Assistant Inspector General of Police
- Incumbent
- Assumed office 30 August 2024
- President: Bola Tinubu
- IGP: Kayode Egbetokun Tunji Disu

Personal details
- Born: 7 October 1968 (age 57) Akatta, Oru East, East Central State, Nigeria (now Imo State, Nigeria)
- Occupation: Police officer

= Benneth Igweh =

Nigerian police officer

Benneth "Ben" Igweh (born 7 October 1968) is a Nigerian police officer and the Assistant Inspector General of Police. He was promoted to this position by the Police Service Commission on 30 August 2024 and was decorated by the Inspector General of Police, Kayode Egbetokun. Prior to this appointment, Benneth Igwe was the 31st Commissioner of Police in the Federal Capital Territory. He attended the senior executive course 45 at the National Institute for Policy and Strategic Studies.
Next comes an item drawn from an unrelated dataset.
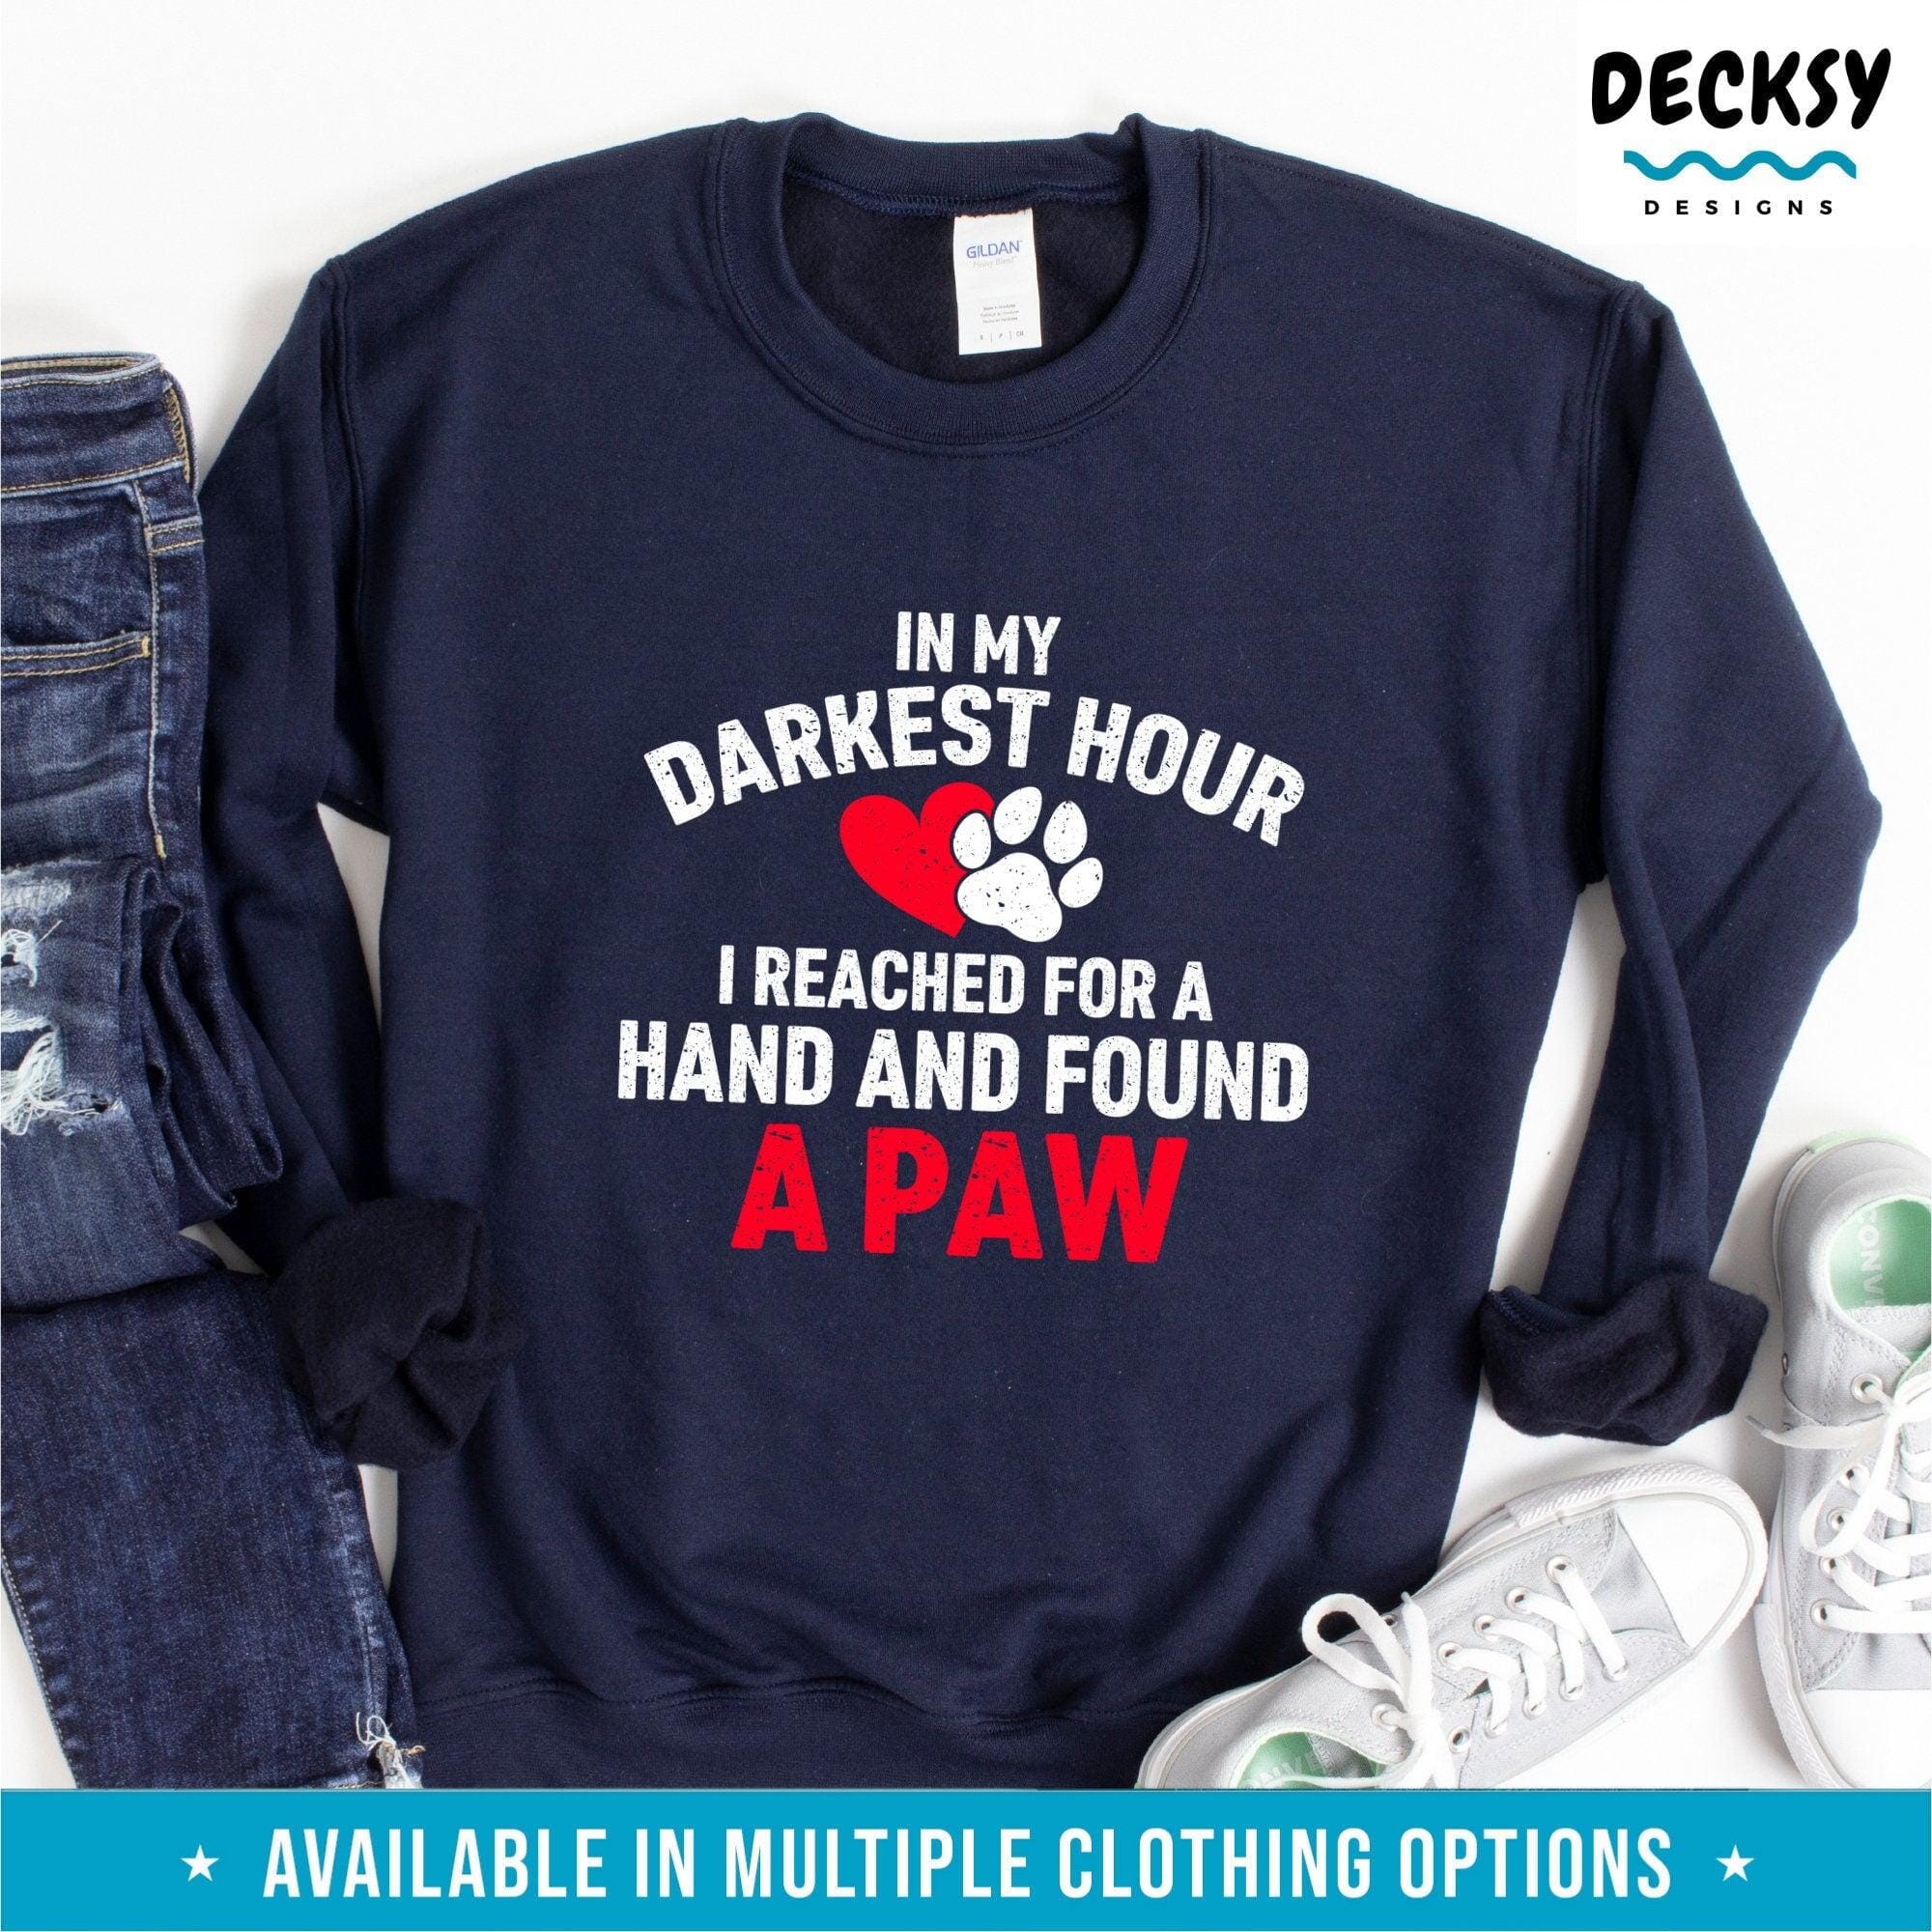 Pet Adoption Shirt, Dog Lover Gift-Clothing:Gender-Neutral Adult Clothing:Tops & Tees:T-shirts:Graphic Tees-DecksyDesigns

== Early life and education ==
Igweh is from the Akatta, Oru East local government area in what is now Imo State. He attended the University of Nigeria, where he obtained a degree in Estate Management in July 1991. Igweh furthered his education with a Post-Graduate diploma in Finance and a Master's degree in Banking and Finance.

== Honors ==
Igweh was recognized for his contributions to addressing insecurity in the country's capital by the FCT minister, Nyesom Wike, who conferred an award on him. He was also honored with the FCT Advancement award by a non-governmental body, Parliamentary Group, and described as the "Most Creative and Oriented Man of the Year 2024".